*ABOUT THIS TASK*: Write the listing out once more, identical to the original but without pictures.

*DATASET EXCERPT*:

+--

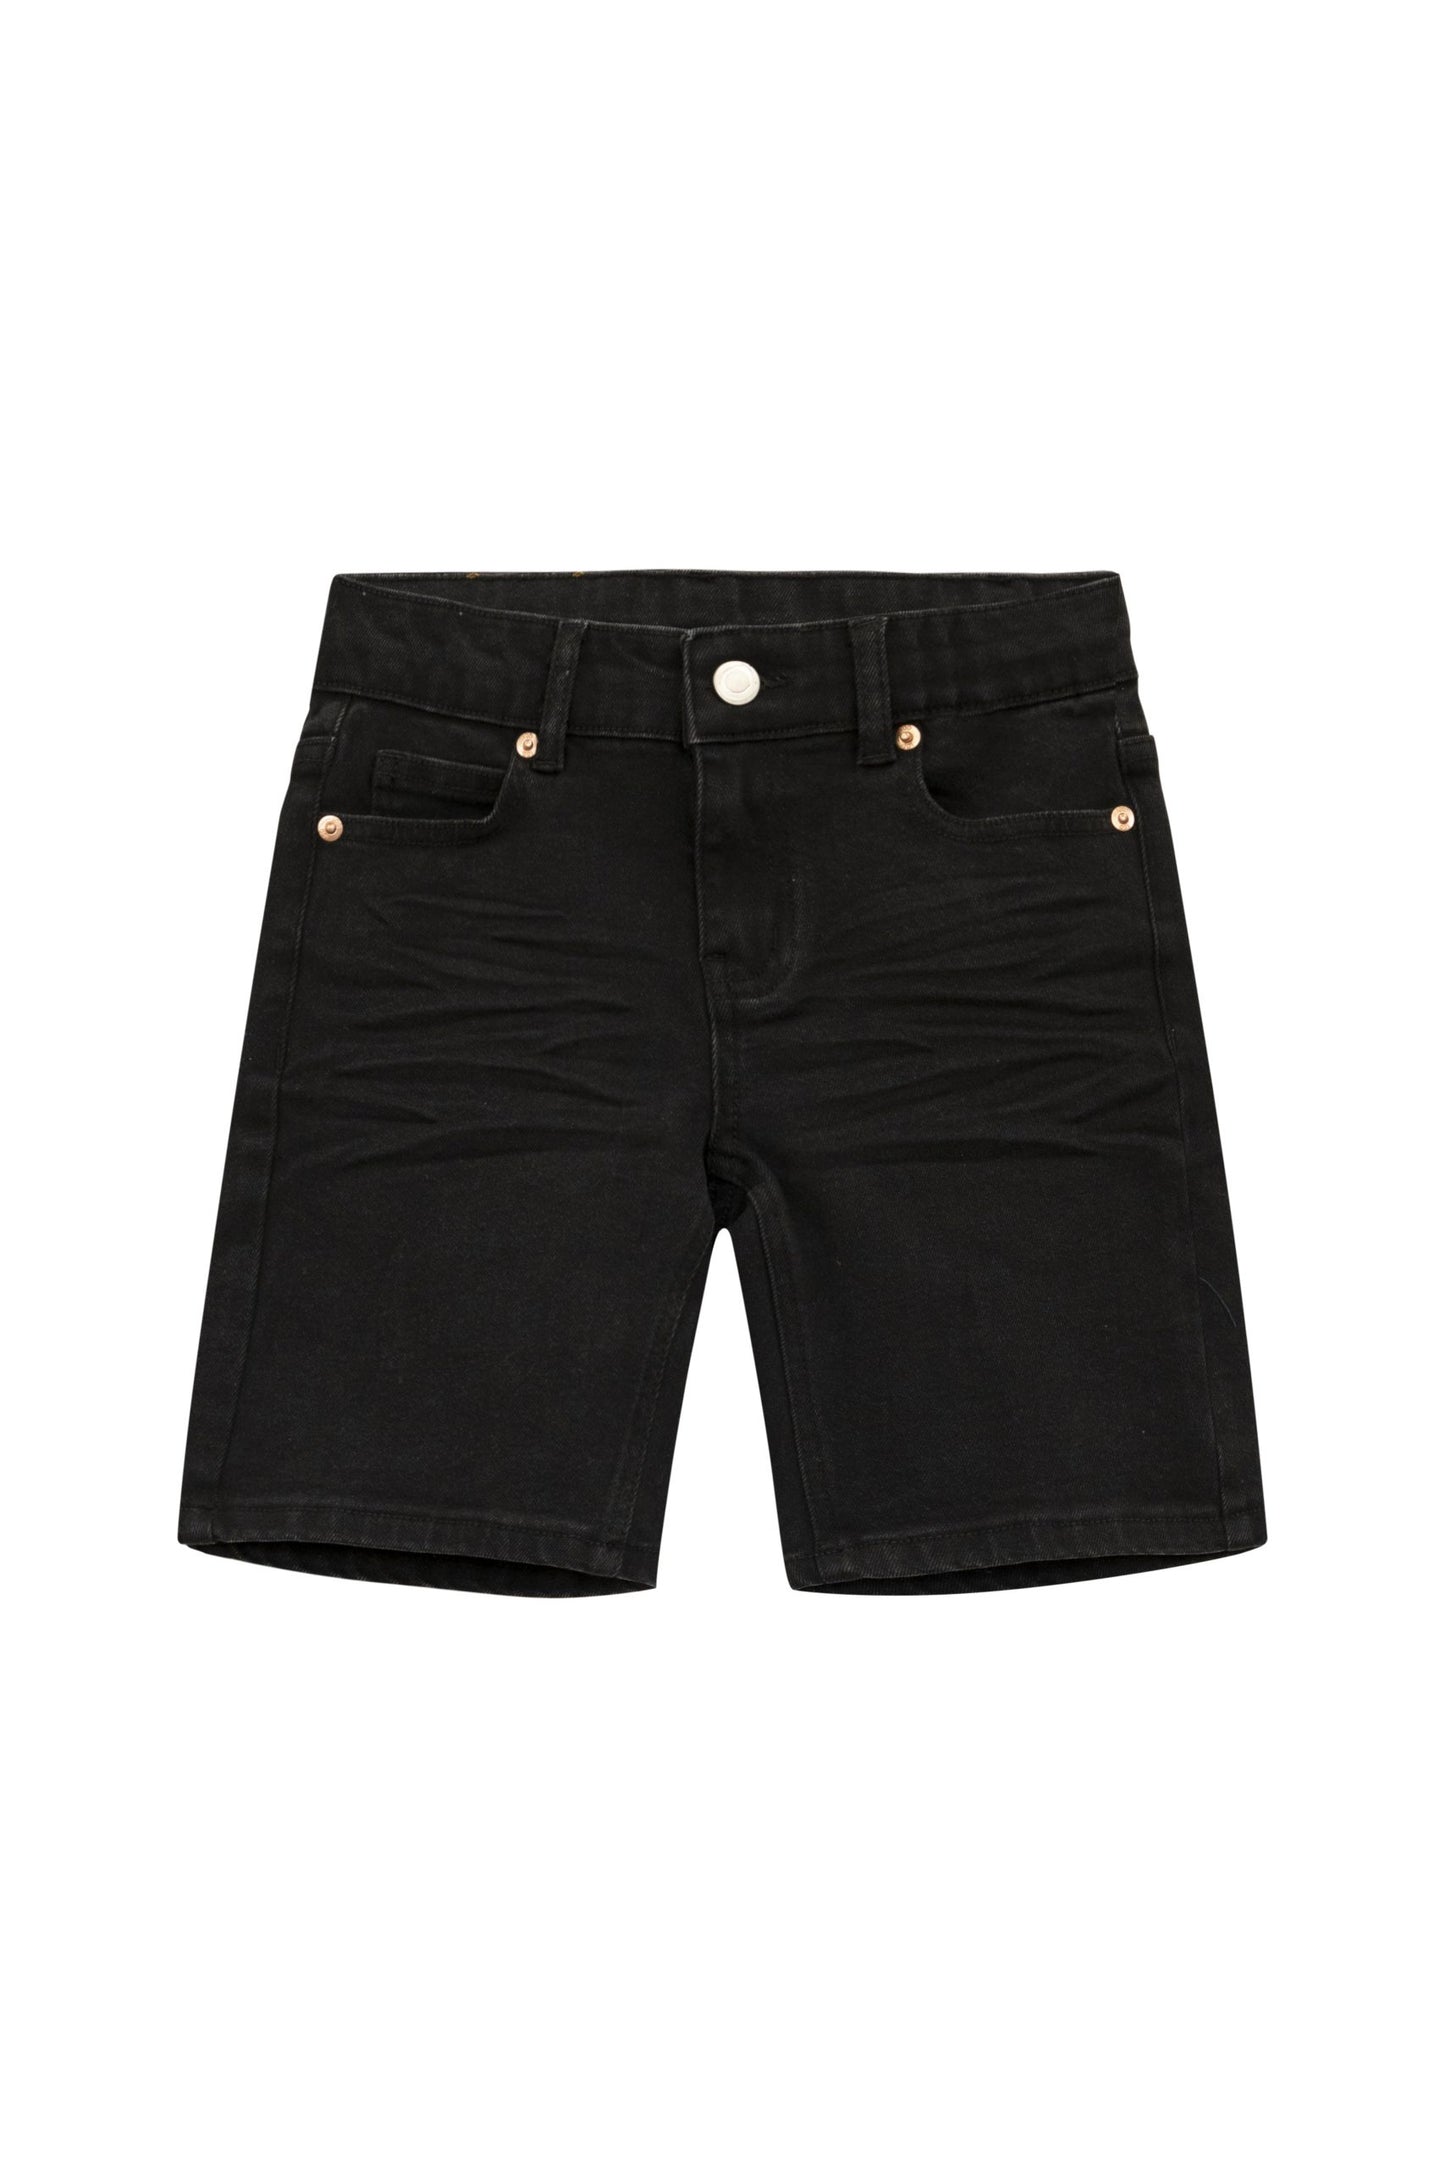 *Denver Denim Shorts Organic - Black
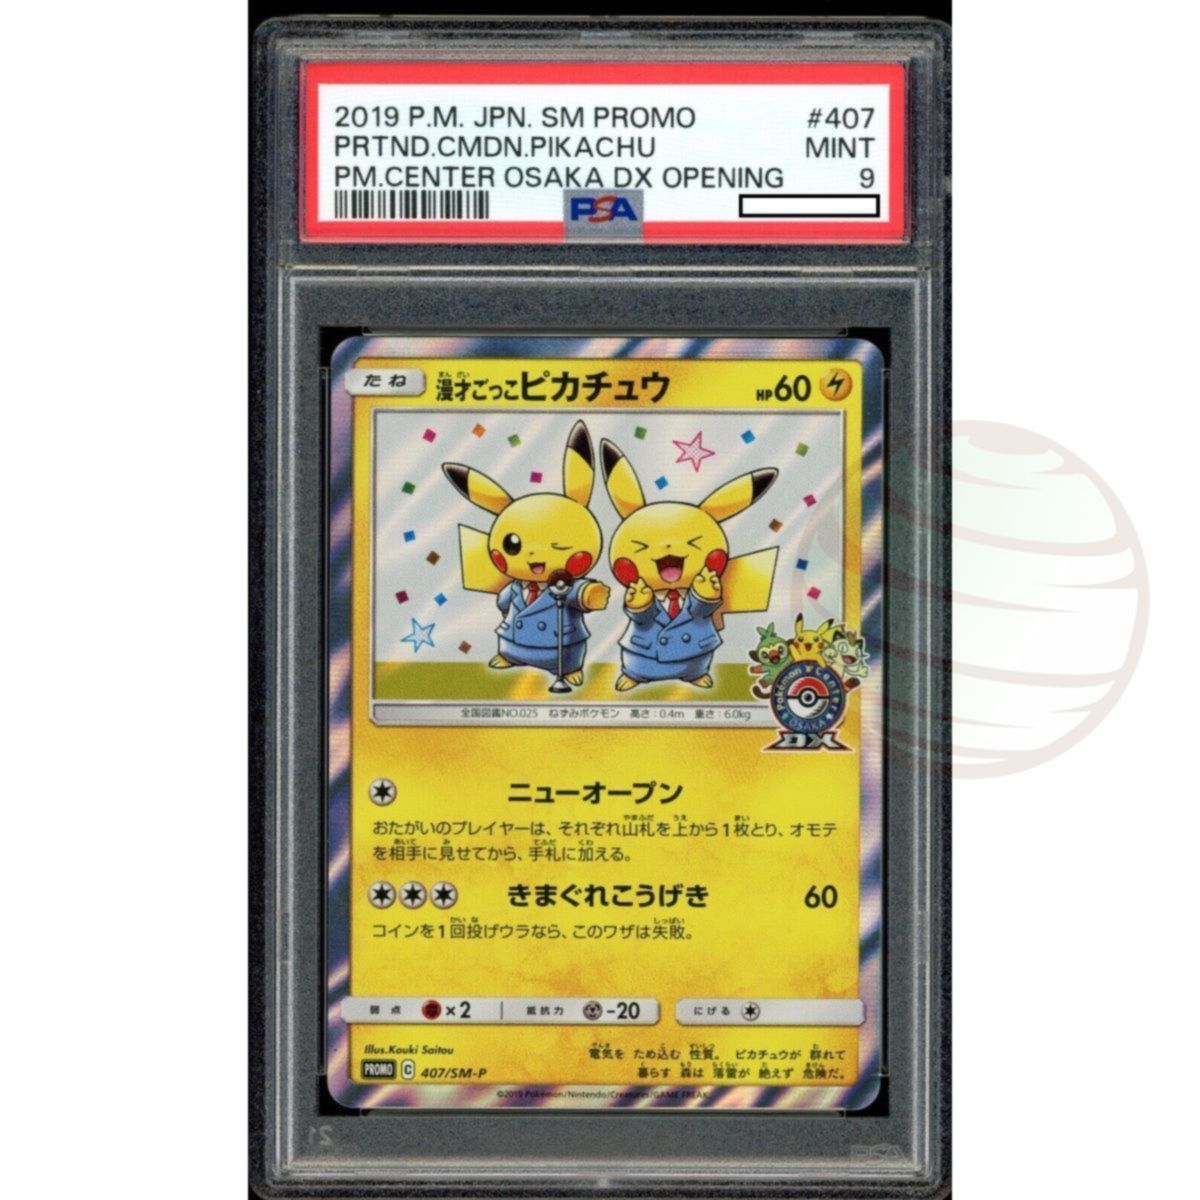 Item [PSA 9 - Mint] - Carte Gradée - Pikachu 407/SM-P Pokémon Center Osaka DX 2019 - Pokémon - Japonais
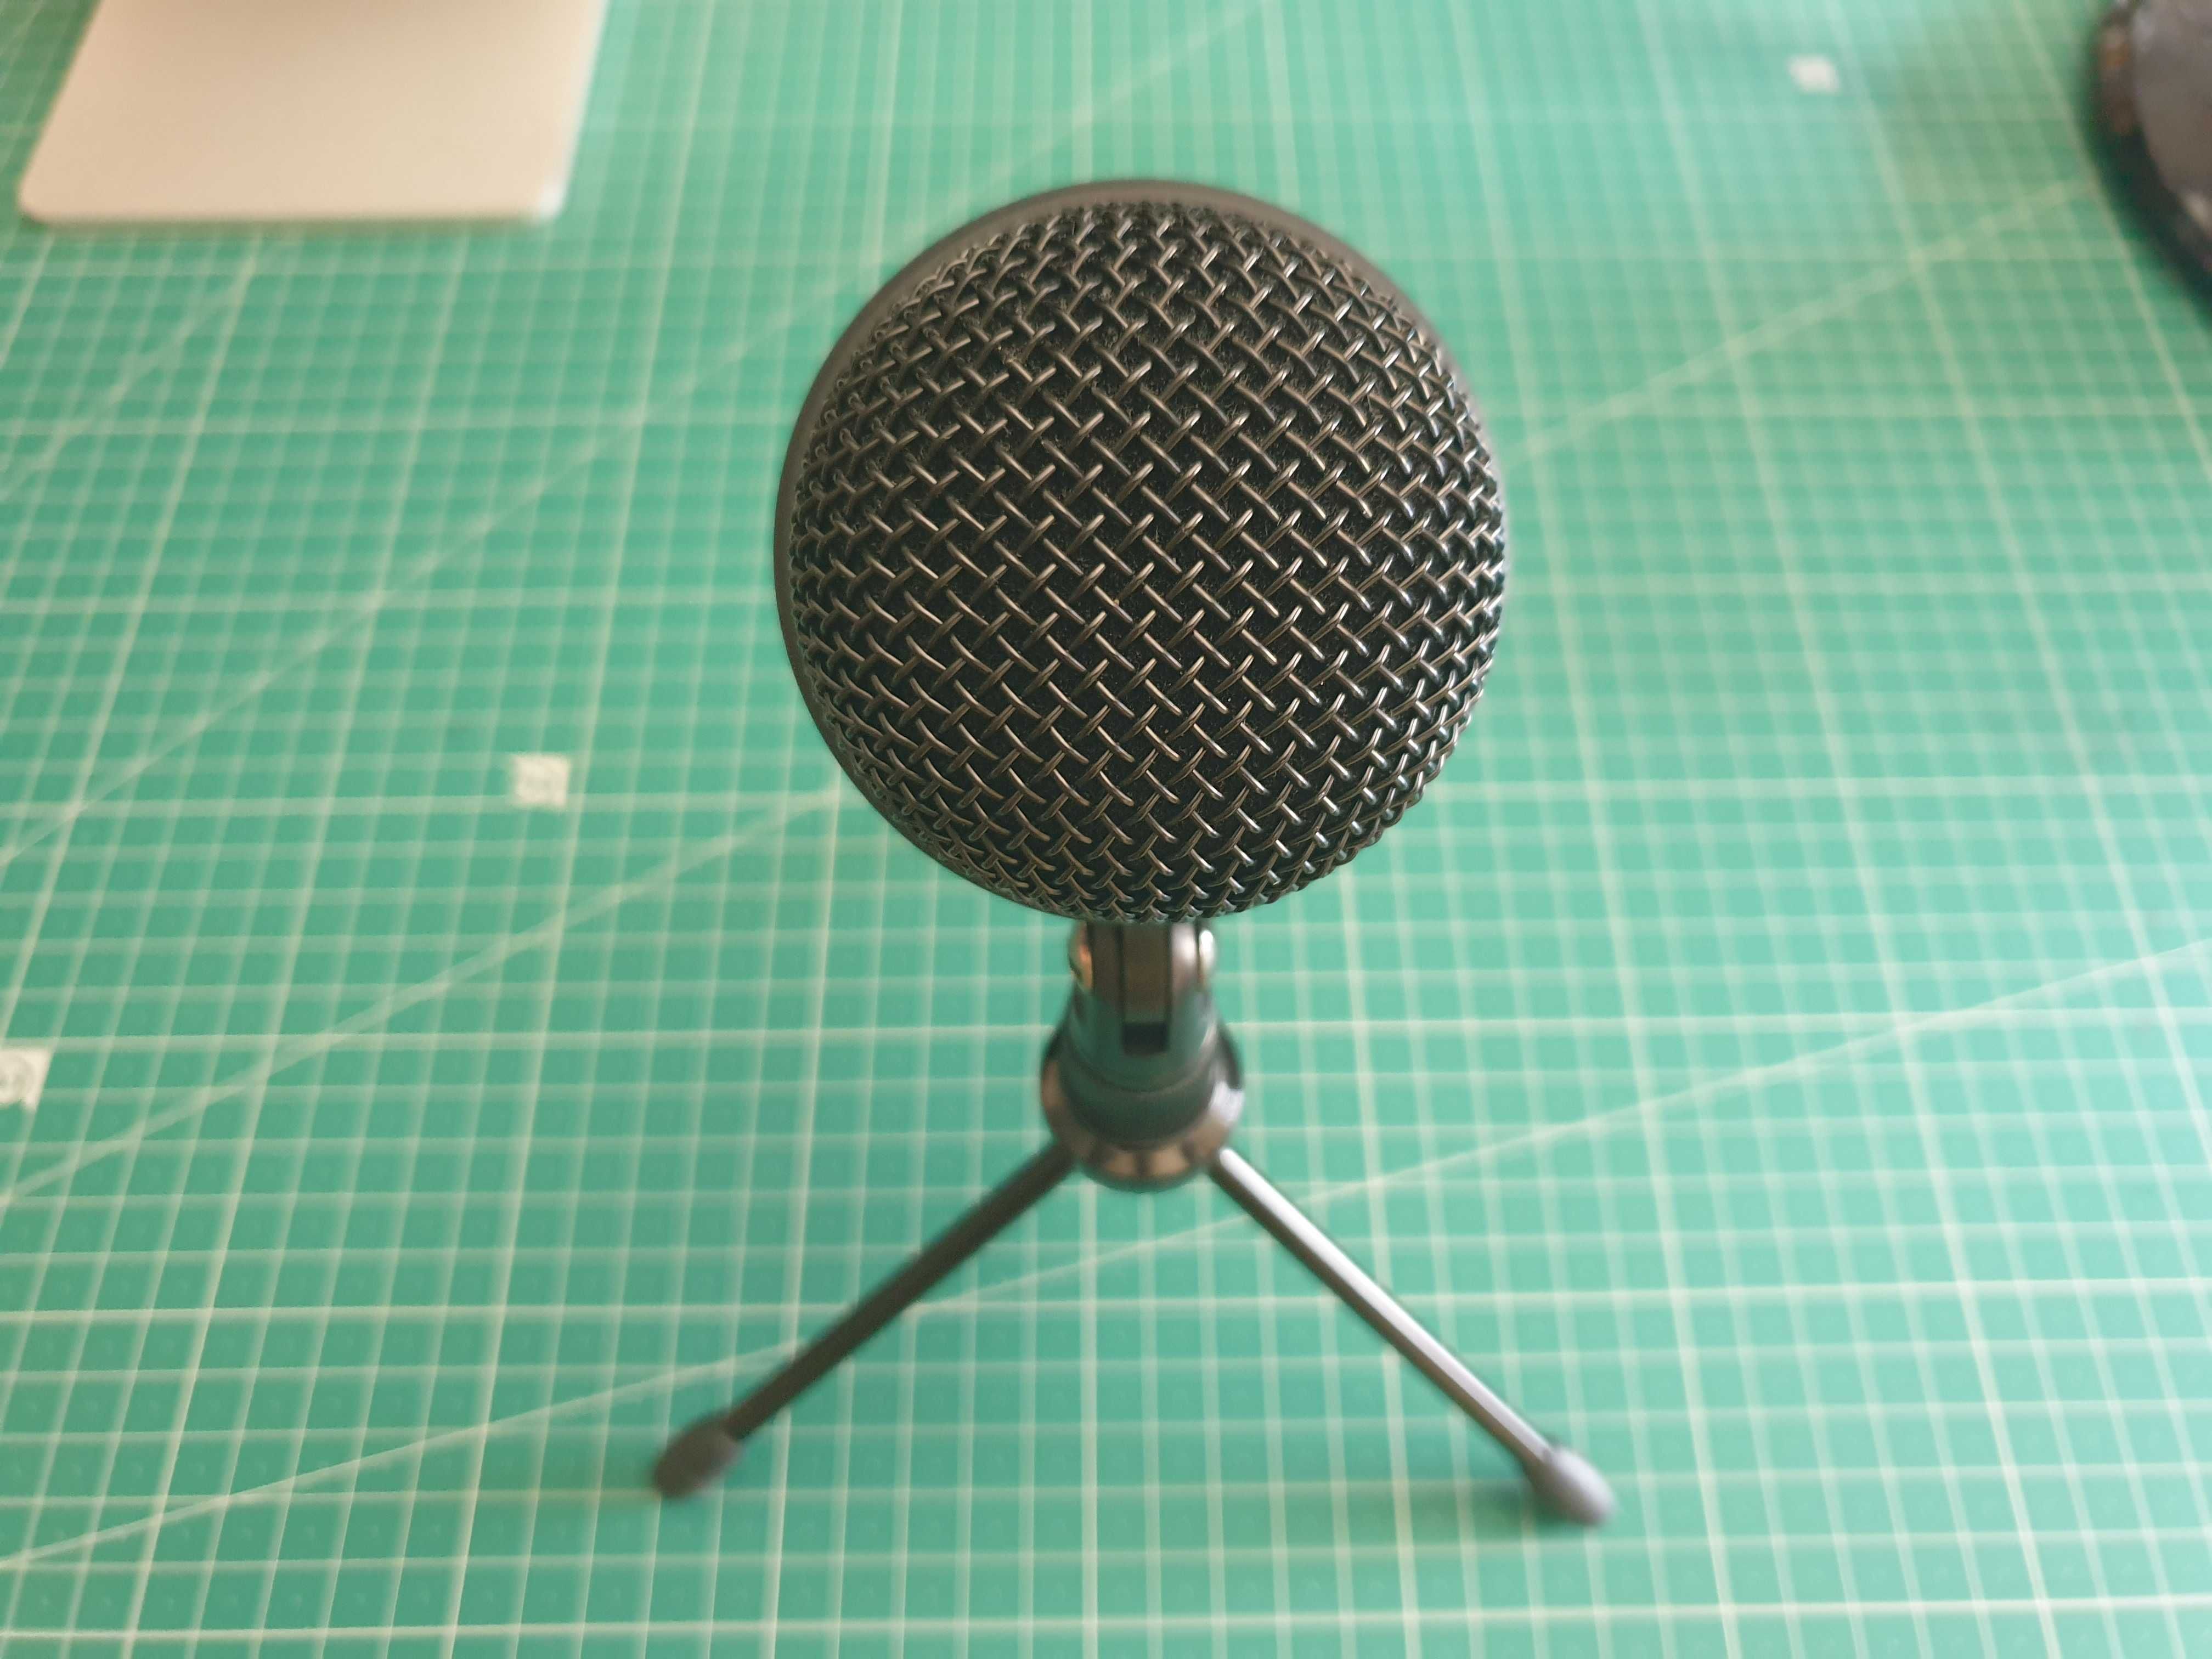 Microfone KROM Kimu Pro

+--

*RESULT*:
 *Denver Denim Shorts Organic - Black
 Item [PSA 9 - Mint] - Carte Gradée - Pikachu 407/SM-P Pokémon Center Osaka DX 2019 - Pokémon - Japonais
 Microfone KROM Kimu Pro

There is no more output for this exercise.